Ha scritto Umberto Galimberti in
“Gli inganni dell'io”, pubblicato su di un supplemento al quotidiano “la
Repubblica” dell’8 di maggio dell’anno 2010: Recita la sapienza greca: - Chi
conosce il suo limite non teme il destino -. Incominciamo a dire che, a
differenza di tutti i mammiferi, ma qui potremmo dire anche di tutti gli
animali, gli uomini non hanno istinti, ma solo pulsioni a meta indeterminata.

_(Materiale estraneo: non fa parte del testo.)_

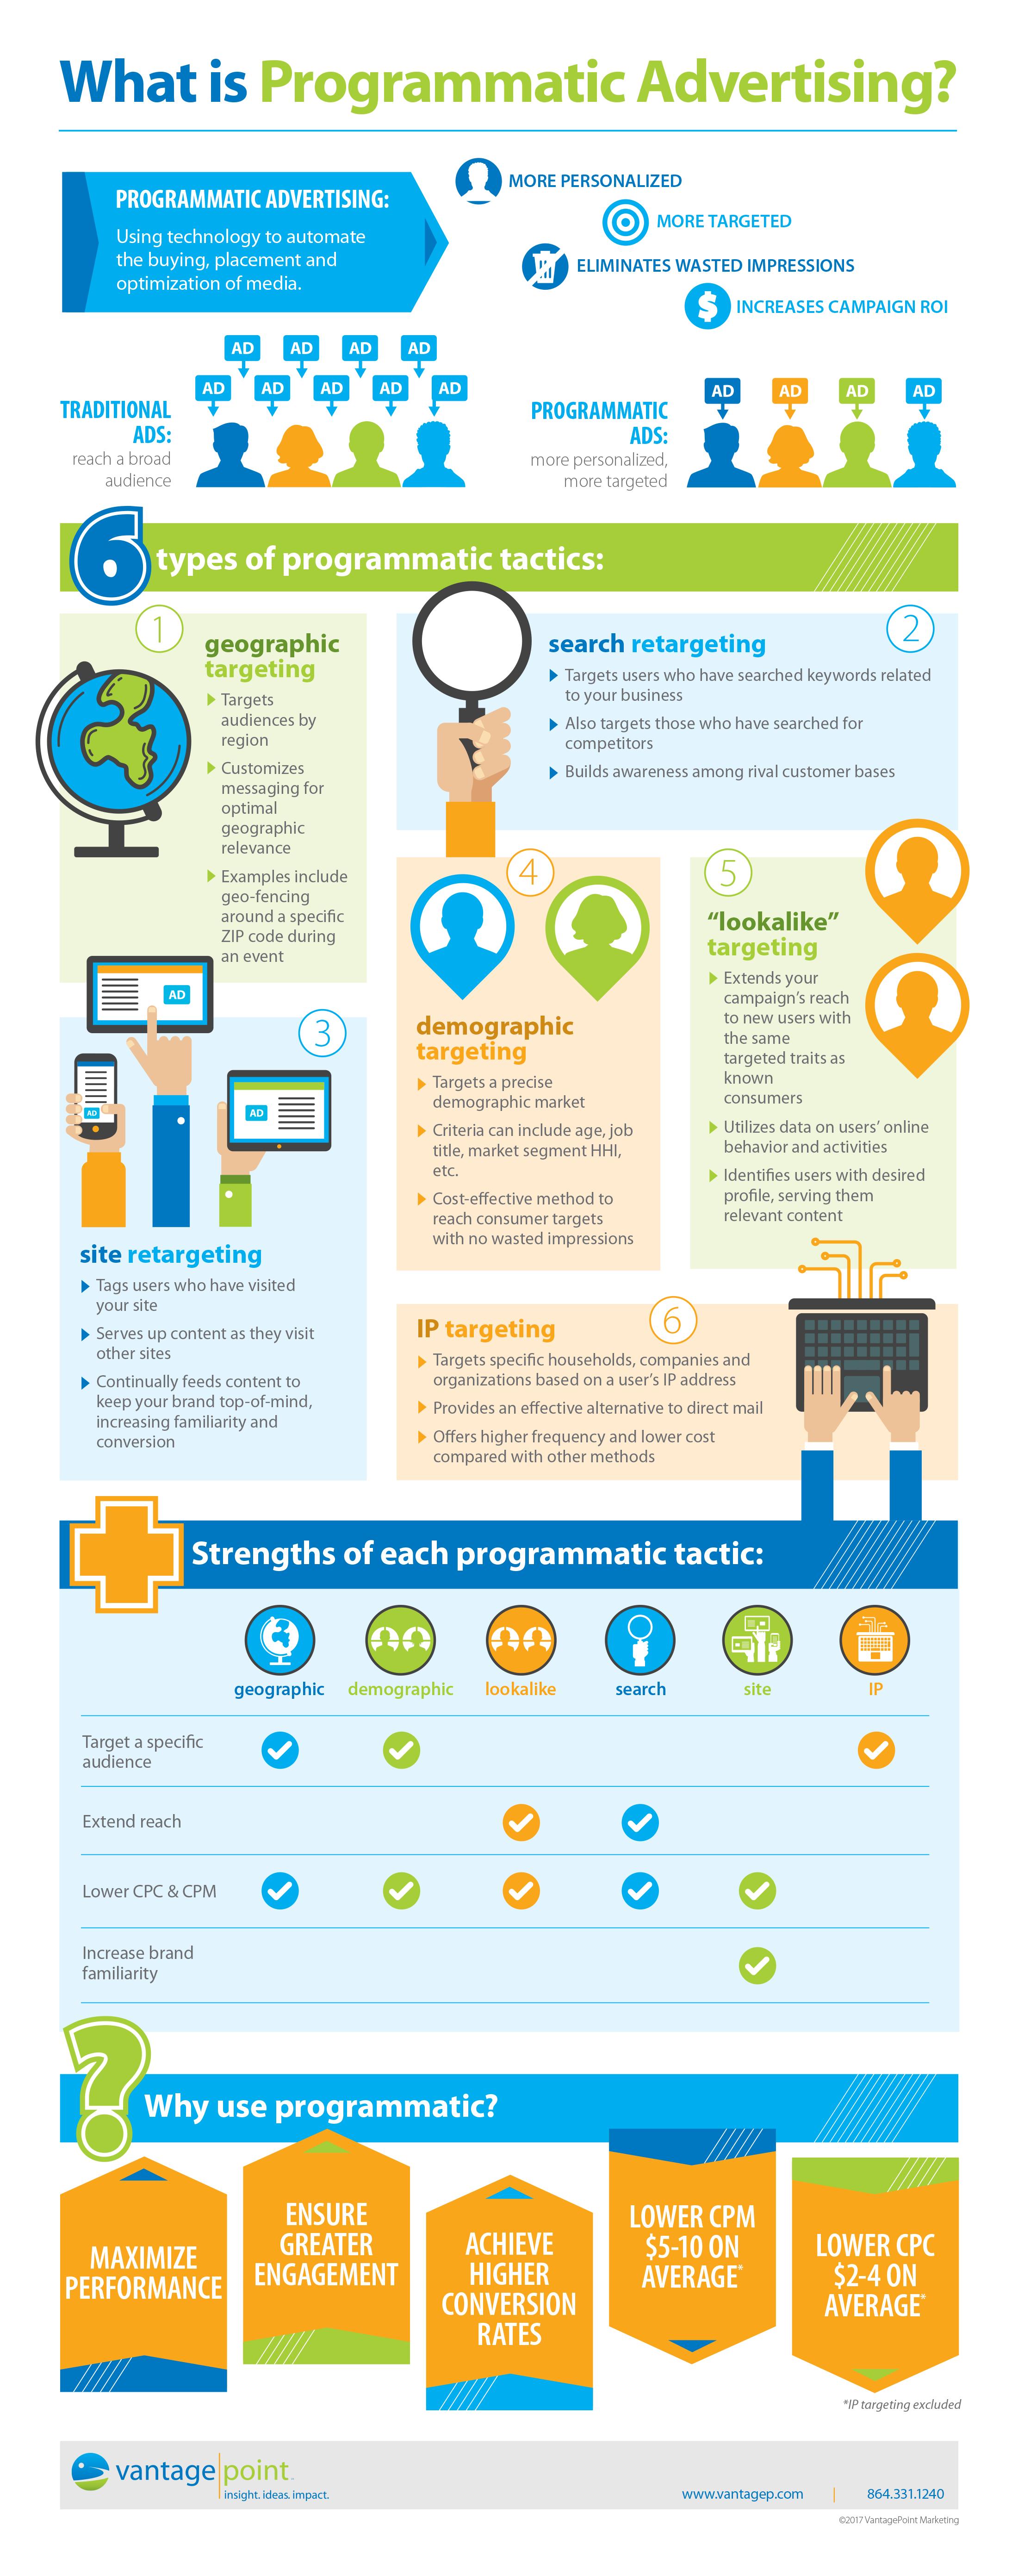 VantagePoint Marketing Programmatic advertising infographic

Non potremmo altrimenti concederci a tutte le perversioni, cosa che non sembra
sia concessa agli animali, e tantomeno alle sublimazioni che consentono di
trasformare una pulsione sessuale in un'opera poetica o d'arte. Grazie a questa
indeterminatezza biologica, l'uomo è libero. La libertà, infatti, non scende
dal cielo, ma dipende dal fatto che l'uomo non è codificato da istinti, che
sono risposte rigide agli stimoli. In questo modo abbiamo fatto un po' d'ordine
tra le illusioni dell'uomo che trae vanto della sua libertà e di tutte le
creazioni che la libertà gli concede. Tra queste, la più potente, la più significativa
è quella che abbiamo chiamato io, che di fondo, come dice Derrida, è solo uno
pseudonimo con cui cerchiamo di tenere a bada quel baccano indiavolato di
demoni che ci abitano. Quando ci riusciamo, affidiamo all'io il compito di
costruire la nostra biografia, nella ricerca disperata di un senso che la morte
sconfigge, riportandoci alla nostra vera realtà che è poi quella di essere
semplici funzionari della specie, la quale ci fornisce per un certo tempo una
sessualità per la procreazione e un dose di aggressività per la difesa della
prole. Finché la morte non azzera tutti i nostri progetti, riconducendoci alla
verità che il nostro io ha cercato in tutti i modi di tenerci celata, per
consentirci di vivere per il tempo che ci è stato concesso. La nostra morte,
quella che non riusciamo mai a pensare, quella per cui un paziente di Freud, un
giorno ebbe a dirgli: - Ho fatto un patto con mia moglie. Quando uno di noi due
morirà, io vado a Parigi -. Inganni dell'io, inganni d'amore che noi pensiamo
sempre rivolto agli altri, quando invece è sempre amore di sé. Ed è per il
terrore che ci incute l'idea di perdere l'amore che abbiamo durante la vita
maturato per noi stessi, che ci atterrisce la morte. Diventare consapevoli di
tutto questo non induce alla disperazione (sentimento appropriato a tutti
quanti hanno sperato, esagerando nel loro desiderio al di là della condizione
umana), ma piuttosto alla consapevolezza del proprio limite, attenendosi al
quale, come dice la Sapienza greca, non si teme il destino. Quanta più grande
bontà circolerebbe se non cadessimo vittime della tracotanza dell'io e quanti
inganni d'amore eviteremmo se diventassimo consapevoli della sua caducità come
caduca è la nostra vita. Solo da queste premesse può nascere l'entusiasmo nei
momenti alti della nostra esistenza e la capacità di sopportare il dolore che
ci consegna alla nostra ineludibile mortalità. Del resto, ce lo ricorda
Nietzsche, se riuscissimo a immaginare “il giorno in cui si spegnerà quella
stella dove ha fatto la sua comparsa l'uomo, ci renderemmo conto che fu
l'attimo più tracotante e menzognero della storia dell'universo, perché in
quell'attimo l'uomo pensò che i cardini dell'universo ruotassero intorno a lui”.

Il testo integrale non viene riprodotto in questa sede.